PROVIDED DATA –
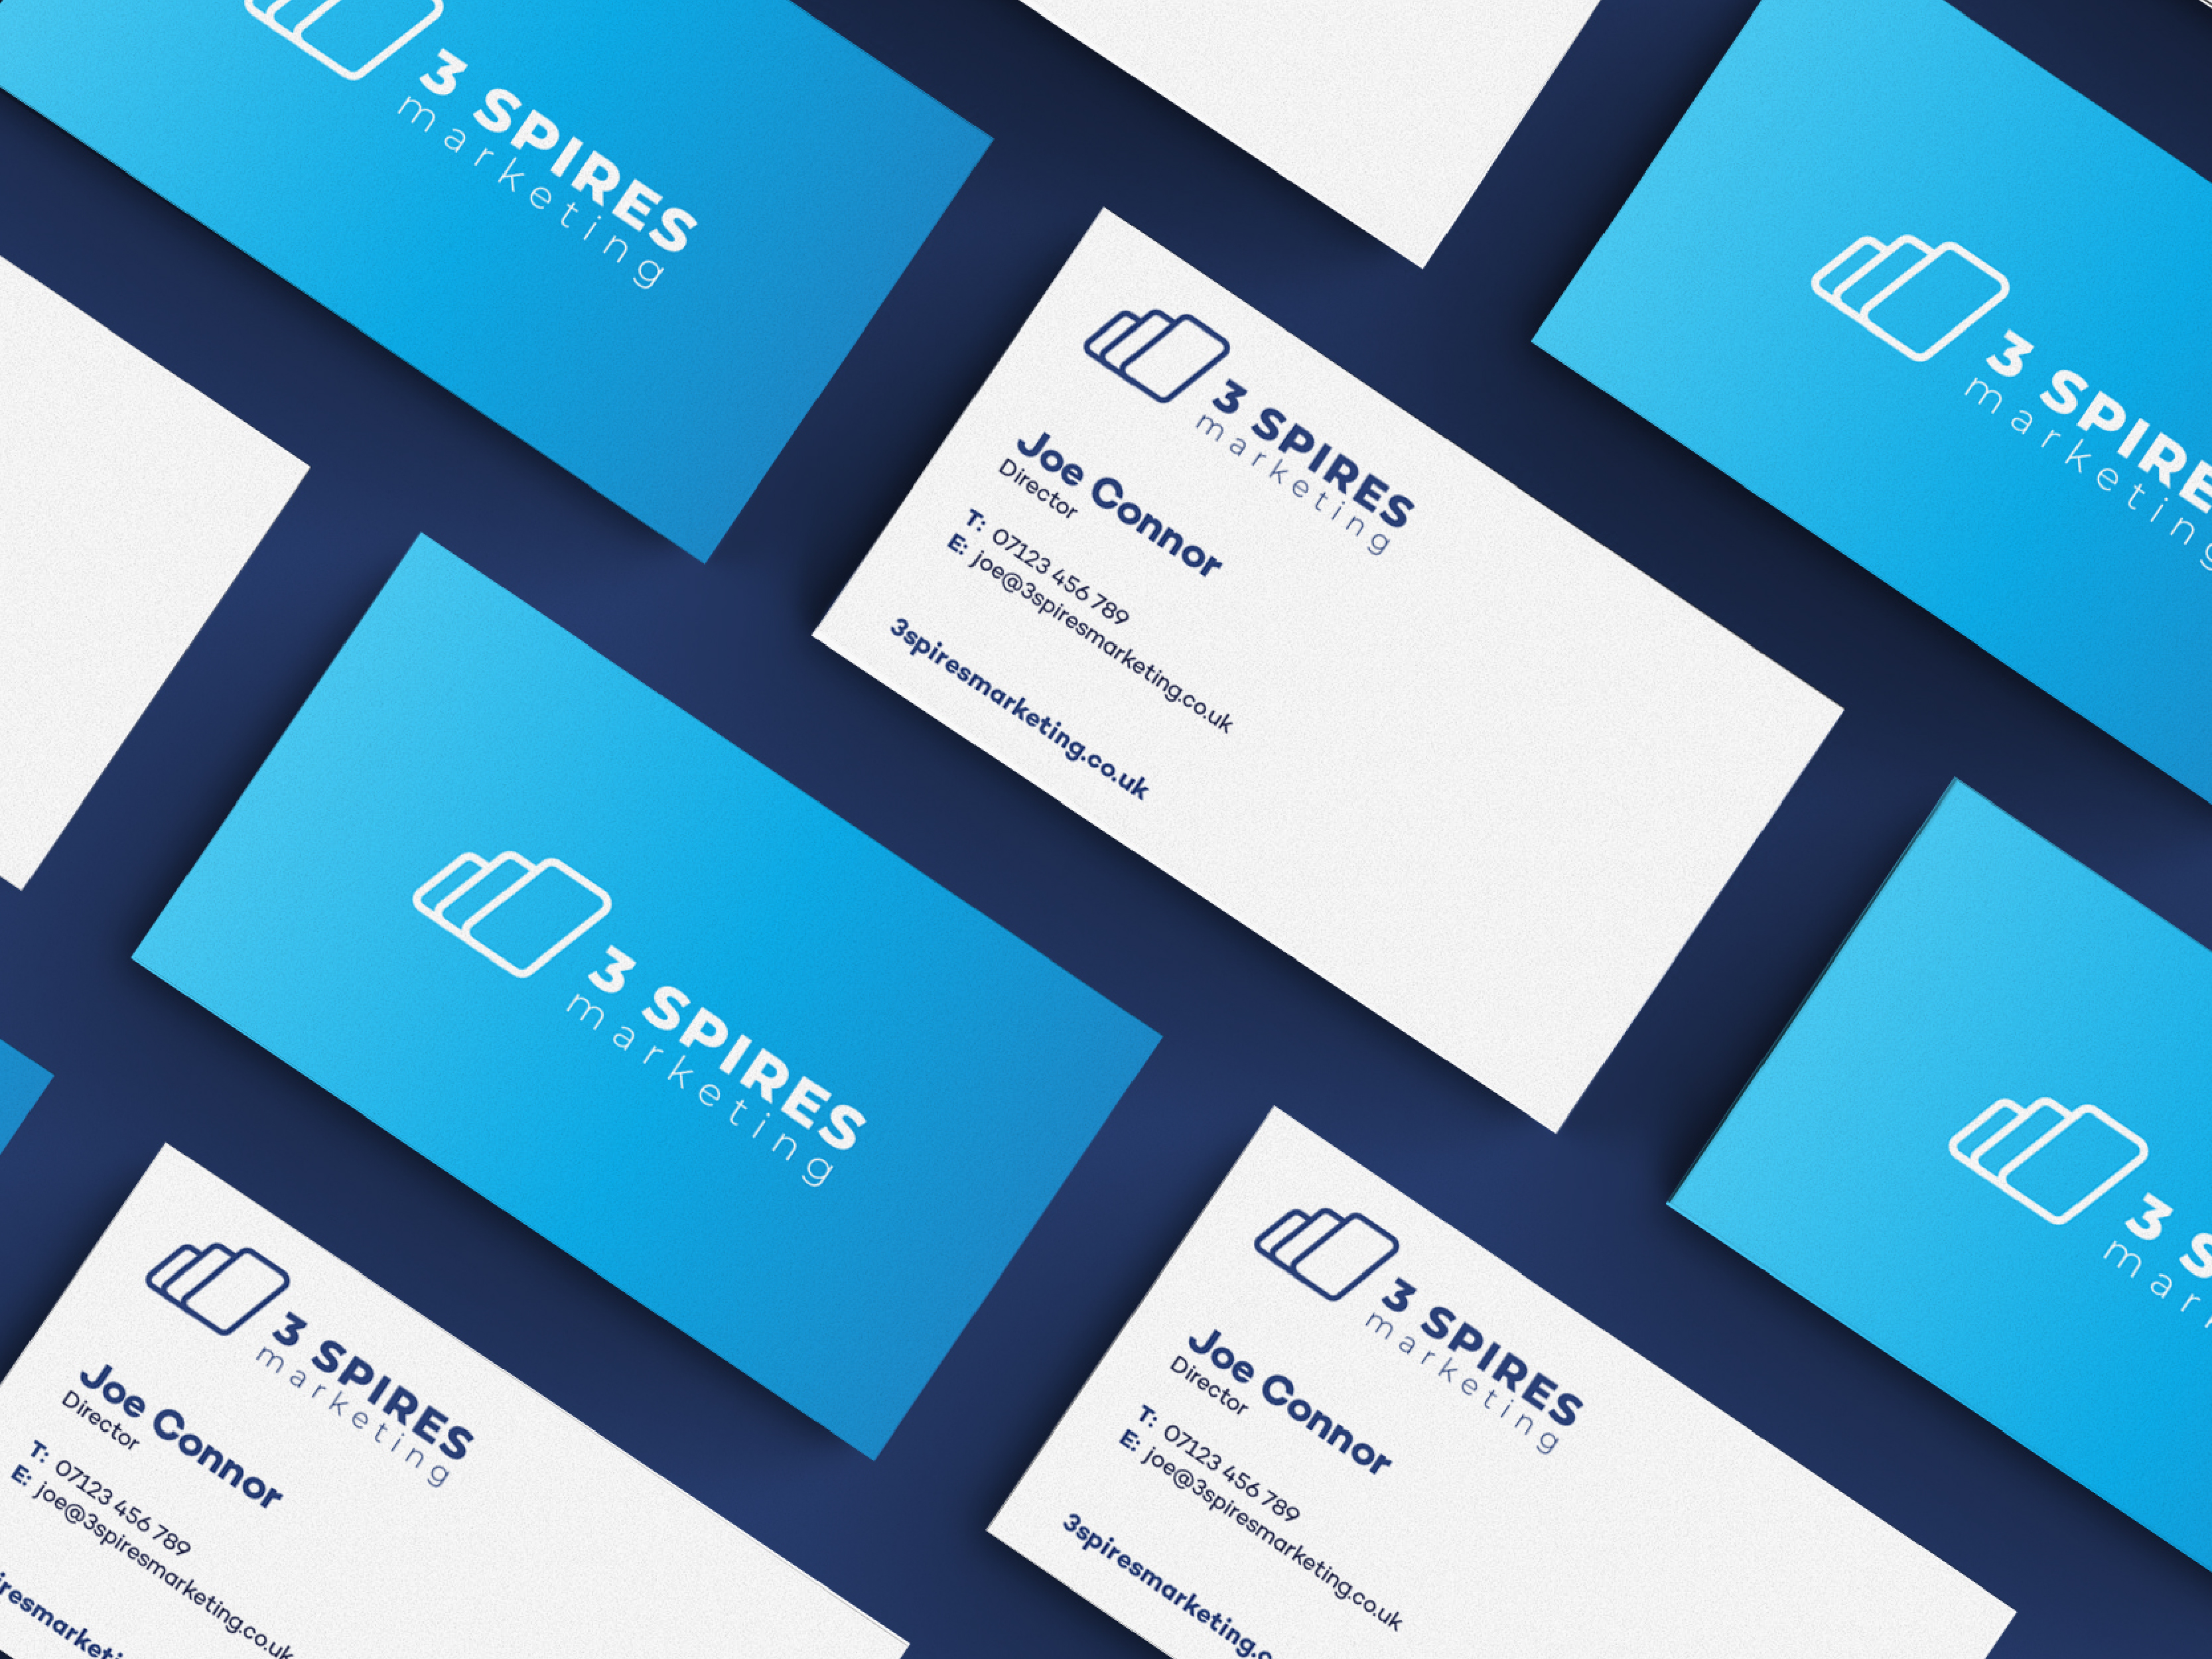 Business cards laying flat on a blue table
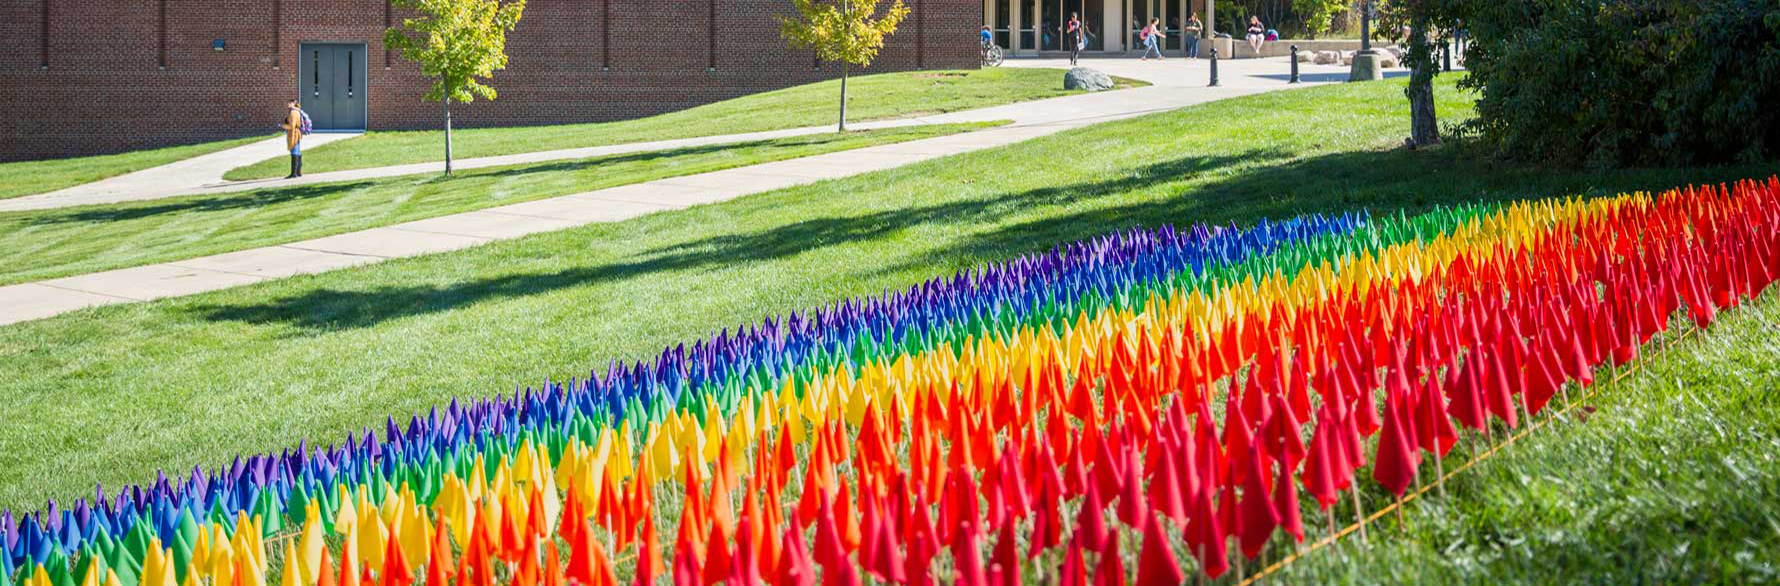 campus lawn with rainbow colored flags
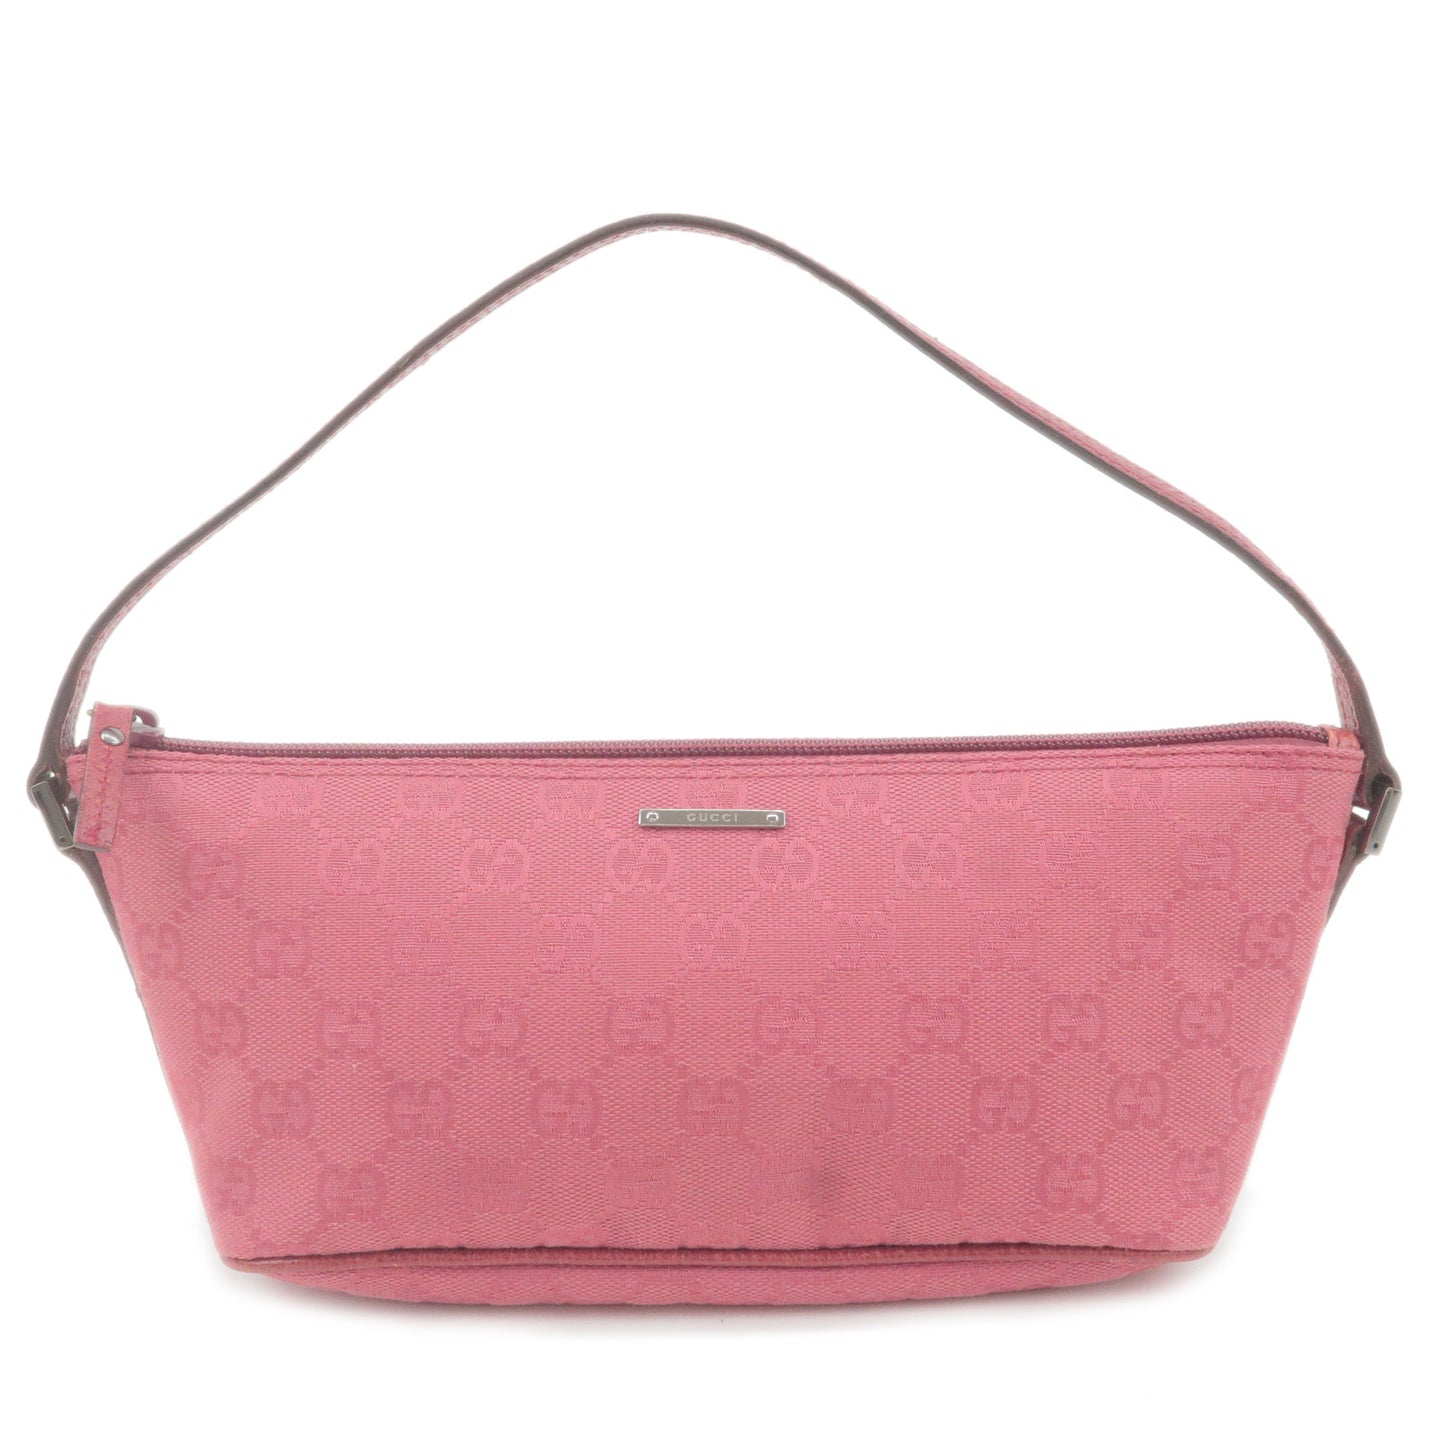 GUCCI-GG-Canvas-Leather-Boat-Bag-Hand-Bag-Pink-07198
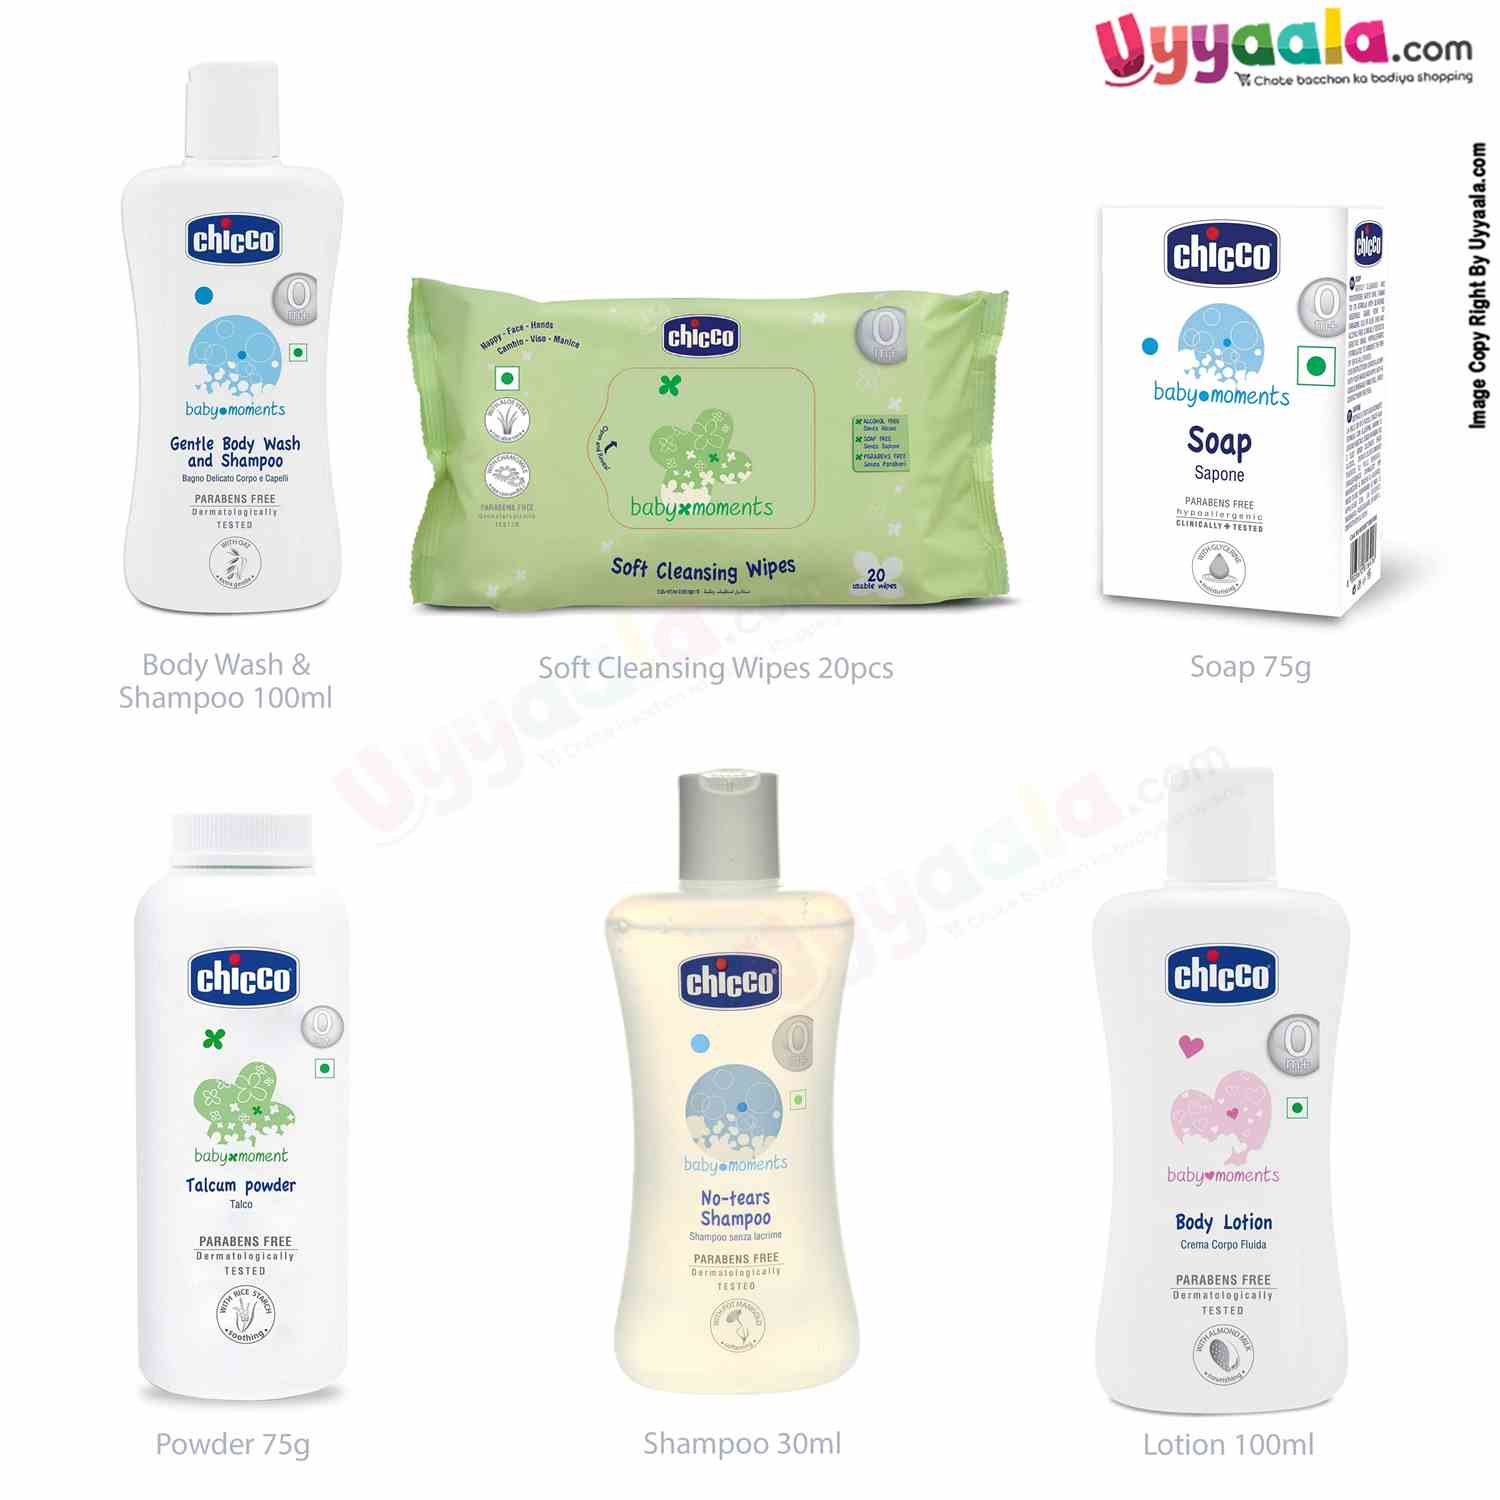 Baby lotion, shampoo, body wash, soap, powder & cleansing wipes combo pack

EXERCISE DIRECTIONS – Here the job is to quote the lines from the one with "GUCCI-GG-Canvas-Leather-Boat-Bag-Hand-Bag-Pink-07198" through the end of the material, both included, exactly; please skip the pictures.

SOLUTION TO THE PROBLEM –
 GUCCI-GG-Canvas-Leather-Boat-Bag-Hand-Bag-Pink-07198
 Baby lotion, shampoo, body wash, soap, powder & cleansing wipes combo pack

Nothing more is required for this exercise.